Coxsackie B3 virus can replicate in cultured human foetal heart cells and is inhibited by interferon.

Coxsackie B viruses (types 1 to 5) are the most frequent reported cause of acute viral myocarditis. To study the pathogenesis of the disease at the cellular level, we simulated an infectious situation by infecting cultured human foetal heart cells with Coxsackie B3 (CB3) virus. Successful replication of this virus could be demonstrated by the presence of virus particles inside cultivated foetal myocytes together with high titres of progeny virus of 10(8) plaque-forming units (PFU) per millilitre culture medium. Within 9 h of infection networks of myocytes lost their ability to contract spontaneously followed by disintegration and replacement by overgrowing fibroblasts which survived the infection.
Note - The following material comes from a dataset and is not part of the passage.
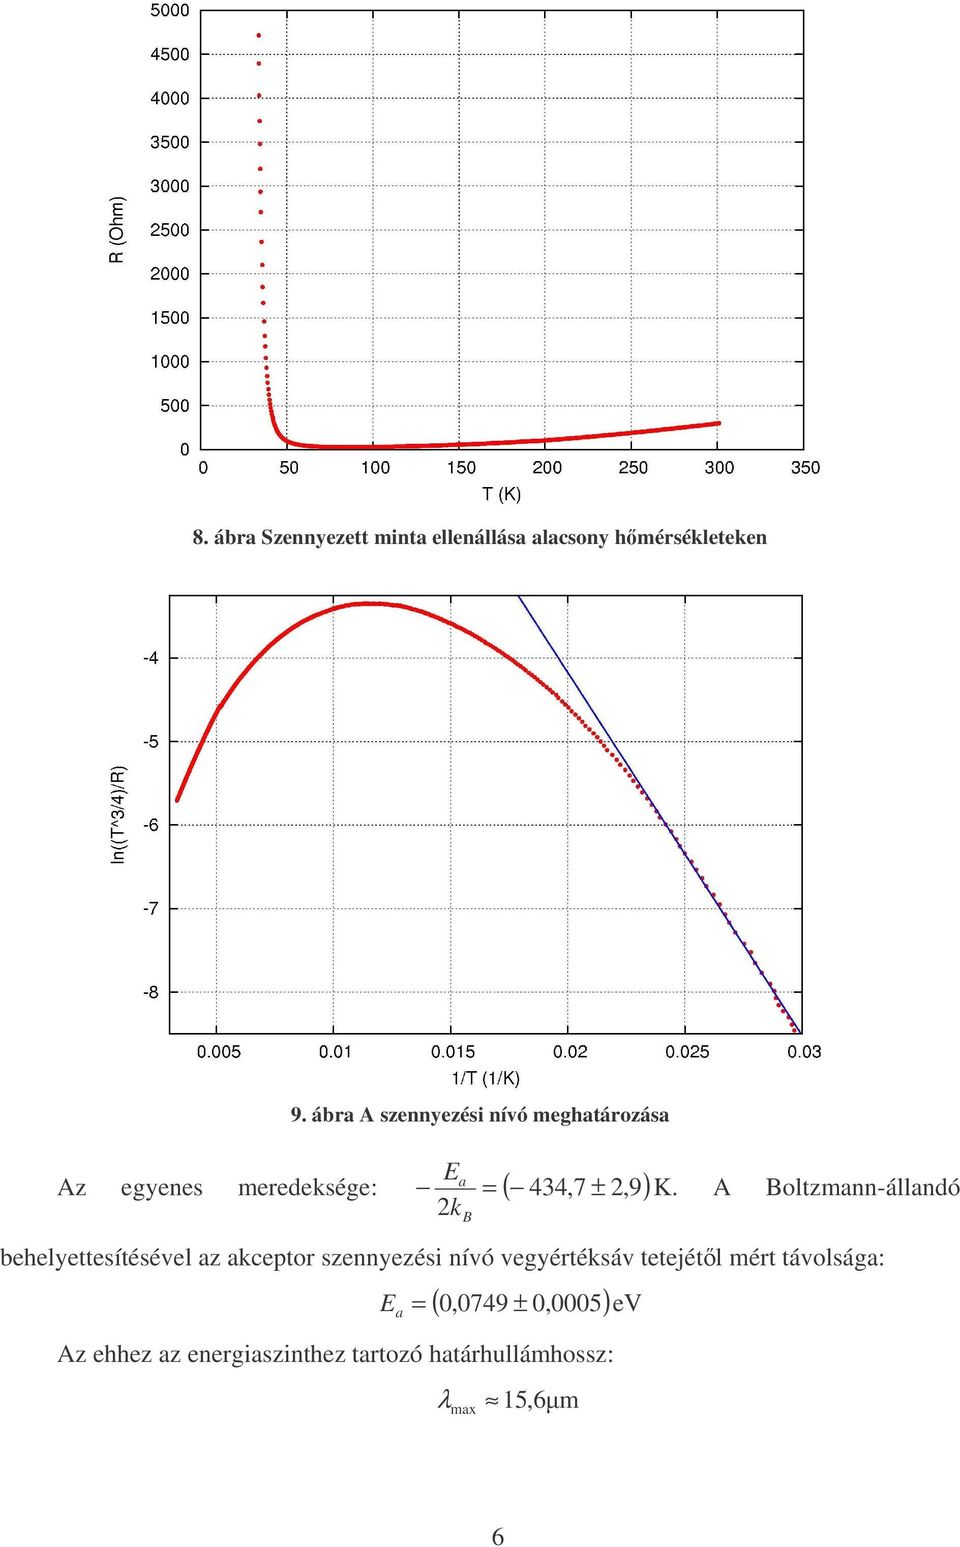 A Boltzmann-állandó behelyettesítésével az akceptor szennyezési nívó vegyértéksáv

These cells produced CB3 virus continuously over several months, indicating carrier state infection of human myocardial fibroblasts. Human fibroblasts interferon (IFN-beta) was found to act as a potent inhibitor of the replication of this virus. Virus yields could be reduced from 1.2 x 1.8 x 10(5) PFU/ml culture medium when human heart cells were incubated with IFN-beta 20 h prior to challenge with a high input multiplicity of 50 PFU of CB3 virus per cell, demonstrating the major protective role of IFN-beta in CB3 viral infection. It thus appear that IFN-beta might become useful as an antiviral agent in the treatment of Coxsackie myocarditis.